The Pearson correlation coefficient was introduced by Karl Pearson in 1886. It is a measure of the linear correlation between two random variables X and Y. Its values range from -1 to 1. The value 0 indicates no linear correlation between X and Y. The value -1 indicates a total negative correlation and +1 indicates a total positive correlation between X and Y. It is defined on real-value variables.

The main drawback of the Pearson correlation coefficient is that it can only detect linear correlations. The Pearson correlation coefficient is a parametric measure, since it assumes that the distribution of each attribute can be described using a gaussian distribution. In the real world, correlations are not necessarily of linear nature.

ibmdbpy.feature_selection.pearson(self, *args, **kwds)[source]¶

Compute the pearson correlation coefficients between a set of features and a set of target in an IdaDataFrame. Provide more granualirity than IdaDataFrame.corr

Parameters:	idadf : IdaDataFrame target : str or list of str, optional A column or list of columns against to be used as target. Per default, consider all columns features : str or list of str, optional A column or list of columns to be used as features. Per default, consider all columns. ignore_indexer : bool, default: True Per default, ignore the column declared as indexer in idadf
Returns:	Pandas.DataFrame or Pandas.Series if only one target

Notes

Input columns as target and features should be numerical.

Examples

>>> idadf = IdaDataFrame(idadb, "IRIS")
>>> pearson(idadf)

Spearman rank correlation¶

Spearman rank correlation, also called grade correlation, is a non-parametric measure of statistical dependence. It assesses how well the relationship between two random variables X and Y can be described using a monotonous function. It corresponds to the Pearson correlation applied to the rank of two real random variables X and Y.

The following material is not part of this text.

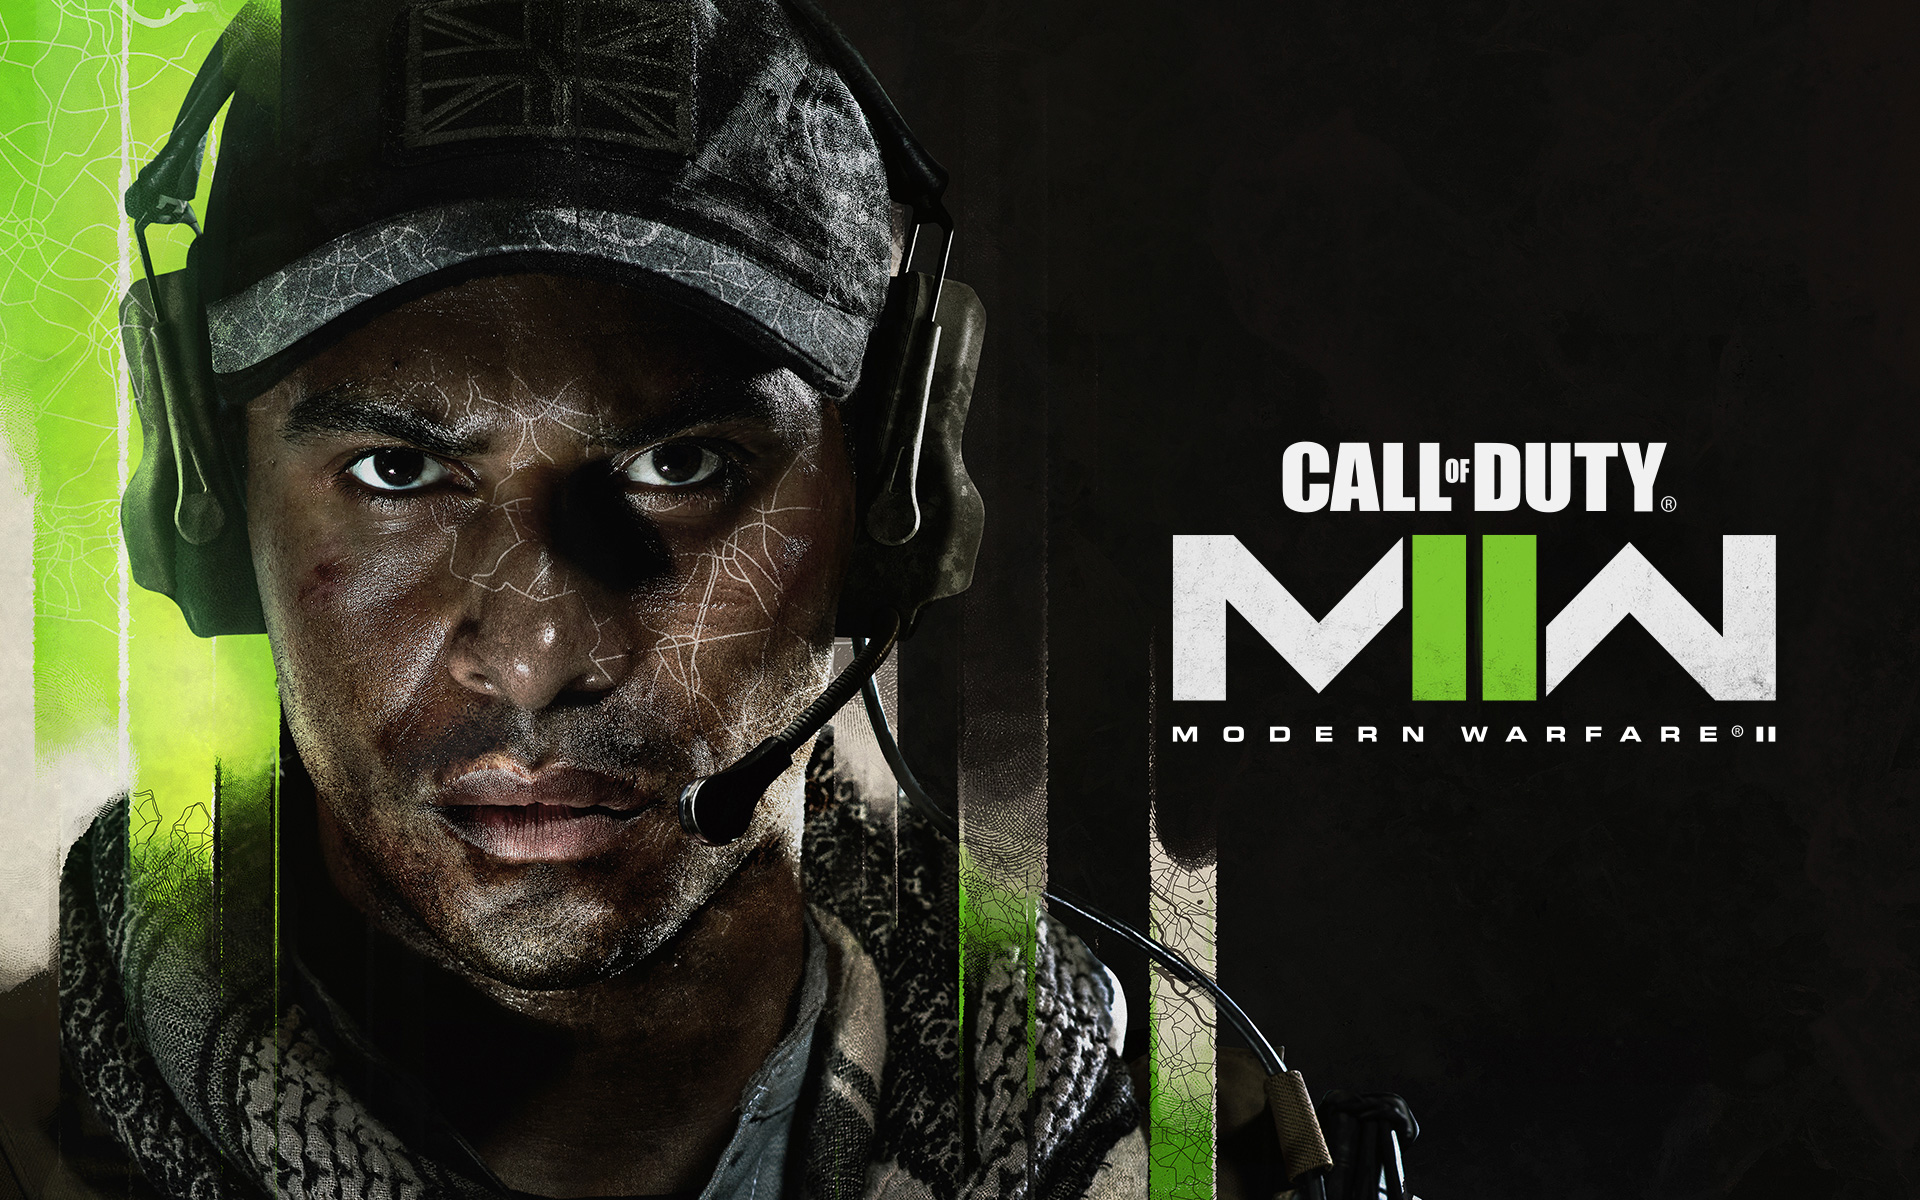 'Call of Duty: Modern Warfare II' will arrive on October 28th

The Spearman rank correlation is interesting because it is not limited to measuring linear relationships and can be applied to discrete ordinal values. Note however that it still cannot be applied to categorical attributes, such as non-numerical value.

ibmdbpy.feature_selection.spearman(self, *args, **kwds)[source]¶

Compute the spearman rho correlation coefficients between a set of features and a set of target in an IdaDataFrame.

Parameters:	idadf : IdaDataFrame target : str or list of str, optional A column or list of columns against to be used as target. Per default, consider all columns features : str or list of str, optional A column or list of columns to be used as features. Per default, consider all columns. ignore_indexer : bool, default: True Per default, ignore the column declared as indexer in idadf
Returns:	Pandas.DataFrame or Pandas.Series if only one target

Notes

Input columns as target and features should be numerical. This function is a wrapper for pearson. The scalability of this approach is not very good. Should not be used on high dimensional data.

Examples

>>> idadf = IdaDataFrame(idadb, "IRIS")
>>> spearman(idadf)

T-statistics¶

The T-test is a statistical test often used to determine whether the means of two samples are significantly different from each other, taking into account the difference between the means and the variability of the samples. The t-test has been extensively used for feature ranking, especially in the field of microarray analysis.

T-statistics, as it is implemented here, requires the target attribute to be categorical (nominal or numerical discrete) and the other attributes to be numerical, such that the mean can be computed.

ibmdbpy.feature_selection.ttest(idadf, target=None, features=None, ignore_indexer=True)[source]¶

Compute the t-statistics values of a set of features against a set of target attributes.

Parameters:	idadf : IdaDataFrame target : str or list of str, optional A column or list of columns against which the t-statistcs values will be computed. Per default, consider all columns features : str or list of str, optional A column or list of columns for which the t-statistics values will be computed against each target attributes. Per default, consider all columns, except non numerical columns. ignore_indexer : bool, default: True Per default, ignore the column declared as indexer in idadf
Returns:	Pandas.DataFrame or Pandas.Series if only one target
Raises:	TypeError If the features argument or the data set does not contains any numerical features. Raise TypeError.

Notes

This implements the “modified” ttest as defined in the paper A Modified T-test feature Selection Method and Its Application on the HapMap Genotype Data (Zhou et al.)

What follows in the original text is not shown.